▶ Problem description
When you reach the line below that has "felicidades mama, congrats", start returning lines exactly, and stop after the line that has "ASAMBLEA-SIMULACRO-ATENTADOS Quito, jueves"; skip the pictures.

*** Opening of Listed records ***

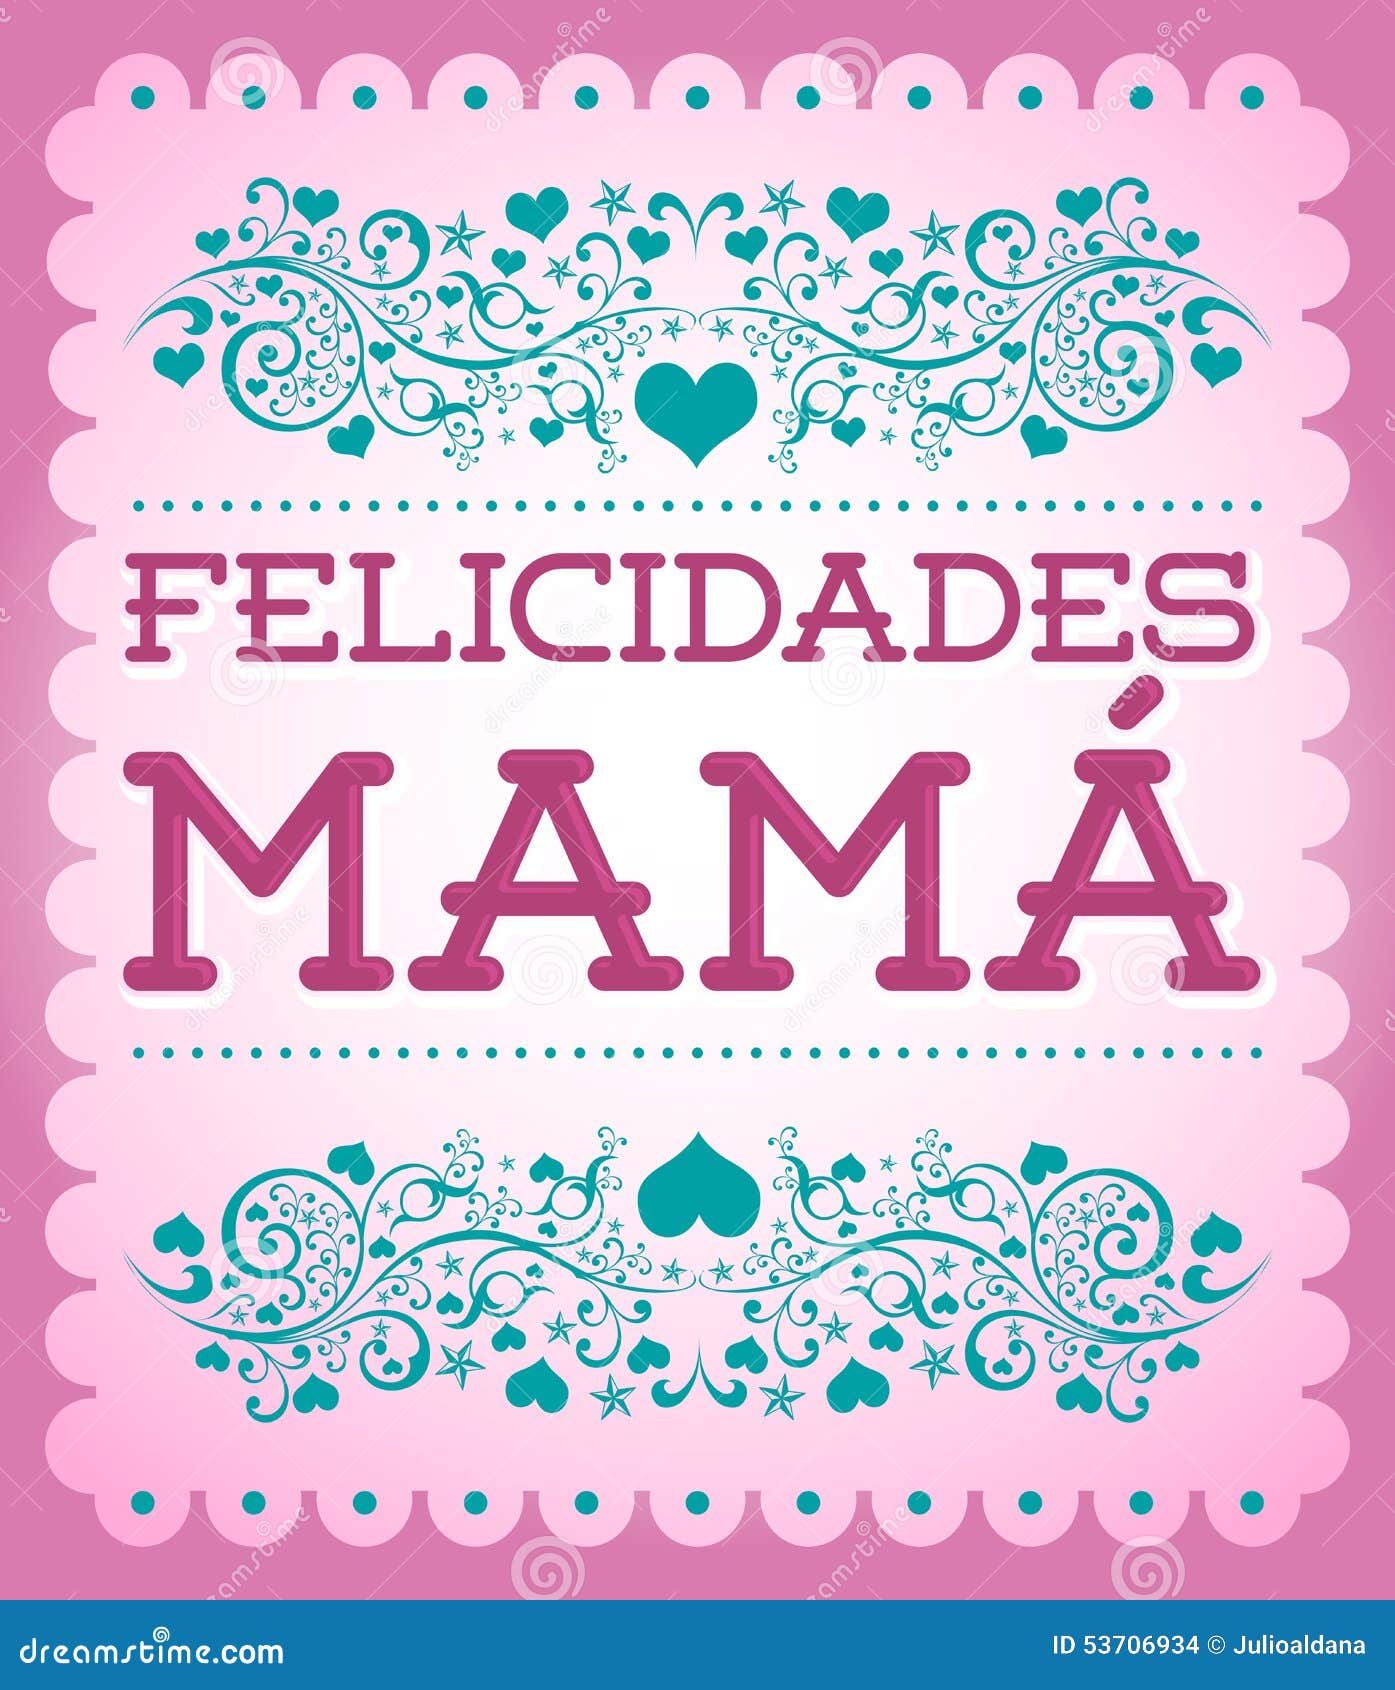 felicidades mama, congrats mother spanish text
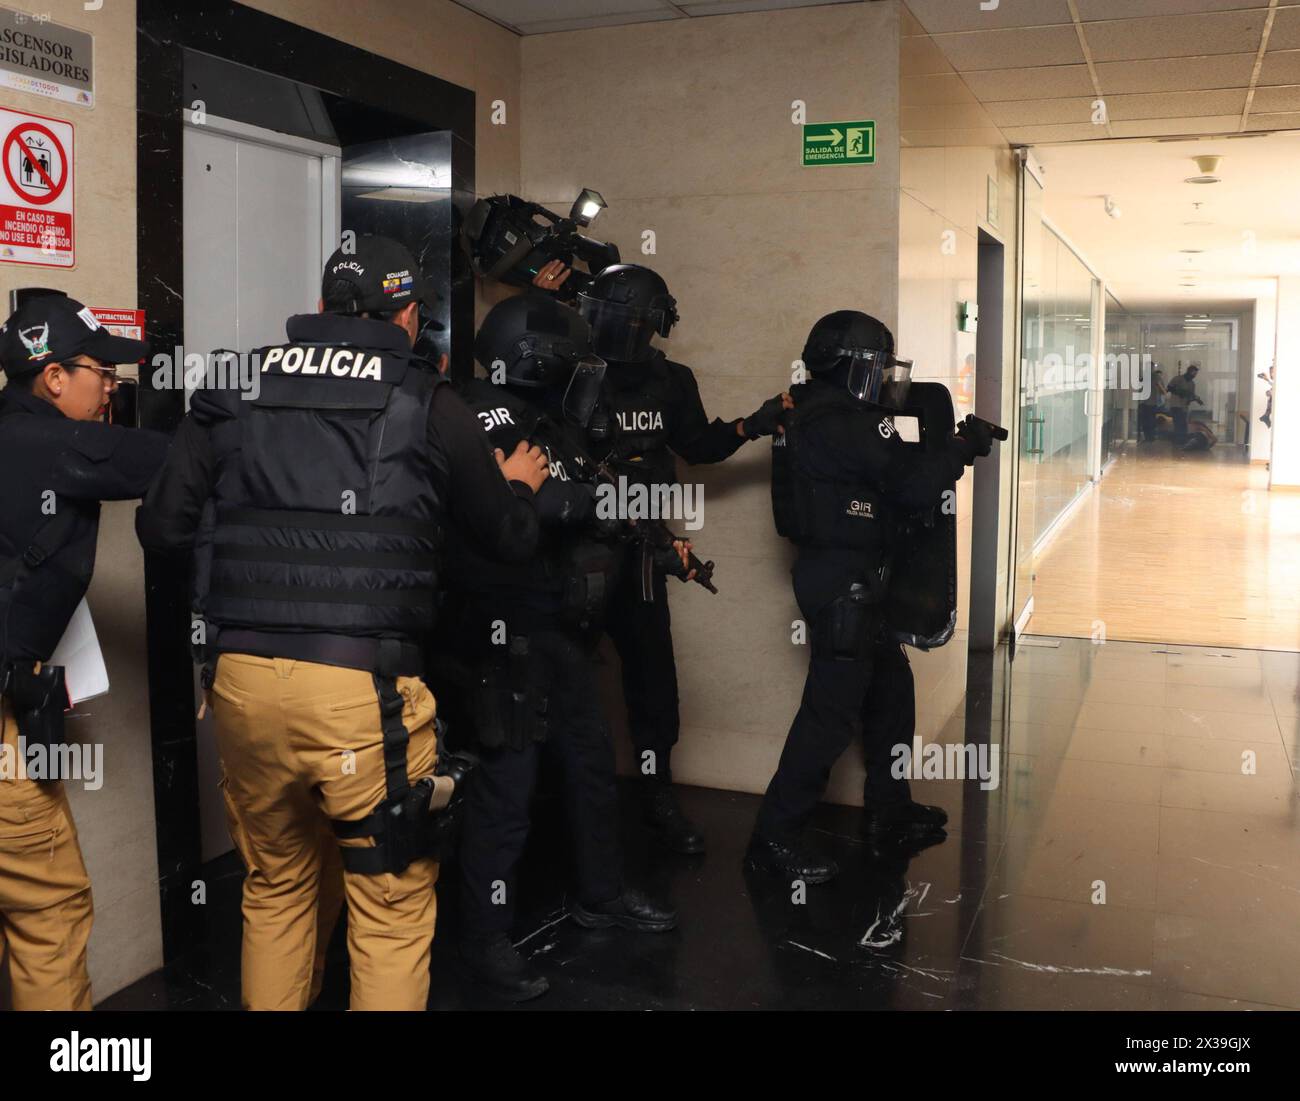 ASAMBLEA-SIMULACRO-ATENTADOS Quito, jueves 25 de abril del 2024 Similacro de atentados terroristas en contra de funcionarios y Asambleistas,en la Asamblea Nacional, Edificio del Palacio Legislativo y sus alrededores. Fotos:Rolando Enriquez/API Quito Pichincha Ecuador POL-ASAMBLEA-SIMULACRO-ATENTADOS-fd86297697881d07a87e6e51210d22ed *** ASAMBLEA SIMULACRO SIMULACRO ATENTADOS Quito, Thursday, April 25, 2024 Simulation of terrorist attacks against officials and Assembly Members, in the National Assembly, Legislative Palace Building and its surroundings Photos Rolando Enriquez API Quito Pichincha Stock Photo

*** Close of Listed records ***
*** Opening of Listed records ***

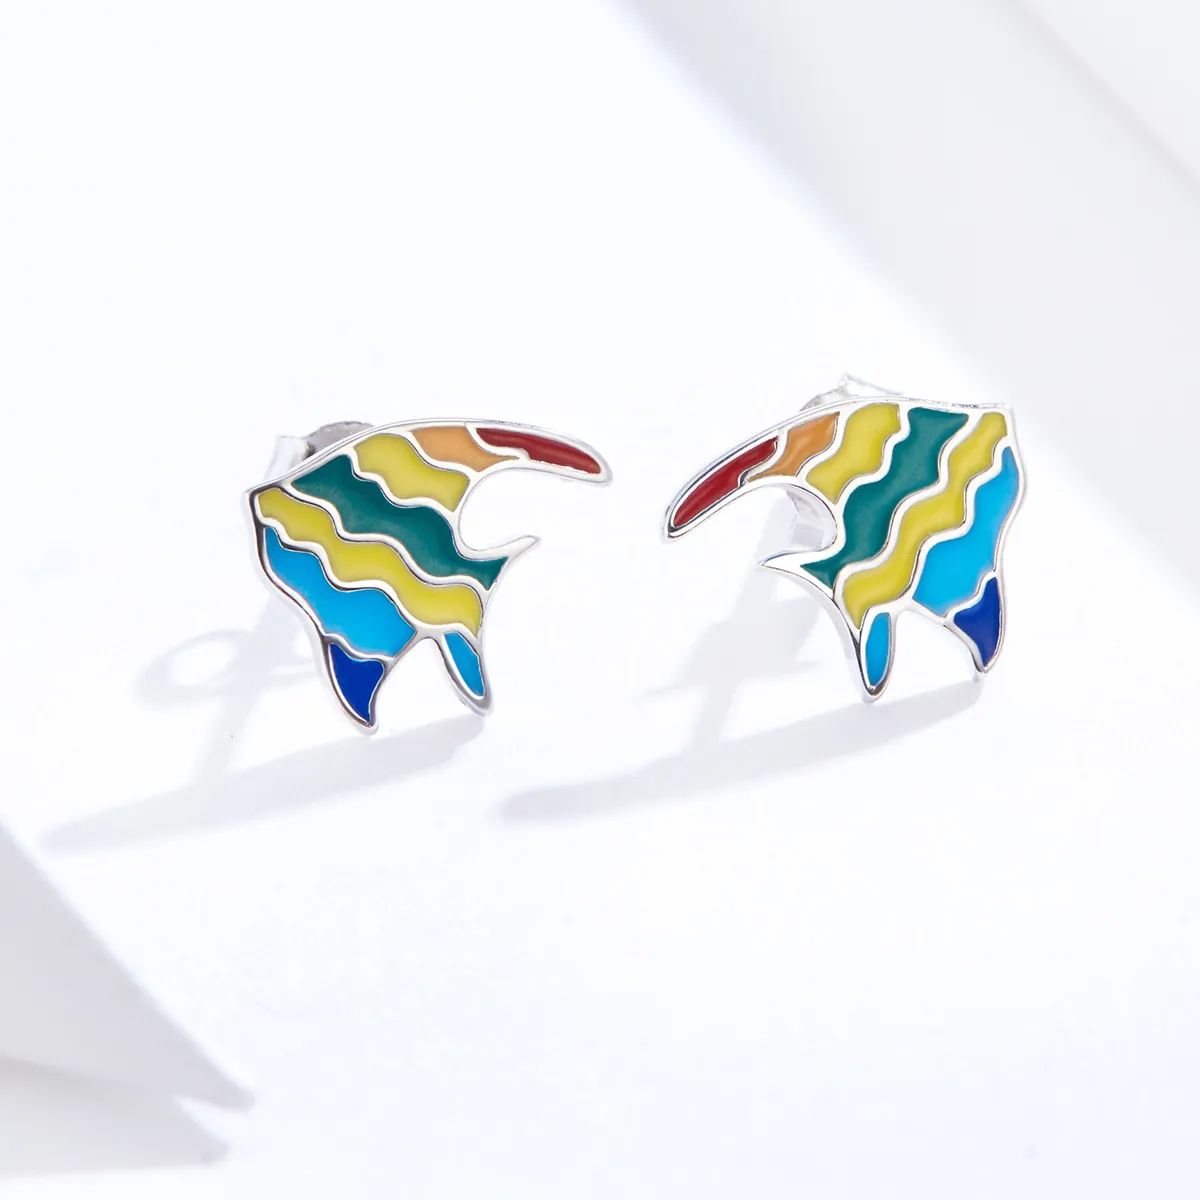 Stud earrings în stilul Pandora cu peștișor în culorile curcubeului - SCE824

*** Close of Listed records ***

▶ Exercise response
 felicidades mama, congrats mother spanish text
 ASAMBLEA-SIMULACRO-ATENTADOS Quito, jueves 25 de abril del 2024 Similacro de atentados terroristas en contra de funcionarios y Asambleistas,en la Asamblea Nacional, Edificio del Palacio Legislativo y sus alrededores. Fotos:Rolando Enriquez/API Quito Pichincha Ecuador POL-ASAMBLEA-SIMULACRO-ATENTADOS-fd86297697881d07a87e6e51210d22ed *** ASAMBLEA SIMULACRO SIMULACRO ATENTADOS Quito, Thursday, April 25, 2024 Simulation of terrorist attacks against officials and Assembly Members, in the National Assembly, Legislative Palace Building and its surroundings Photos Rolando Enriquez API Quito Pichincha Stock Photo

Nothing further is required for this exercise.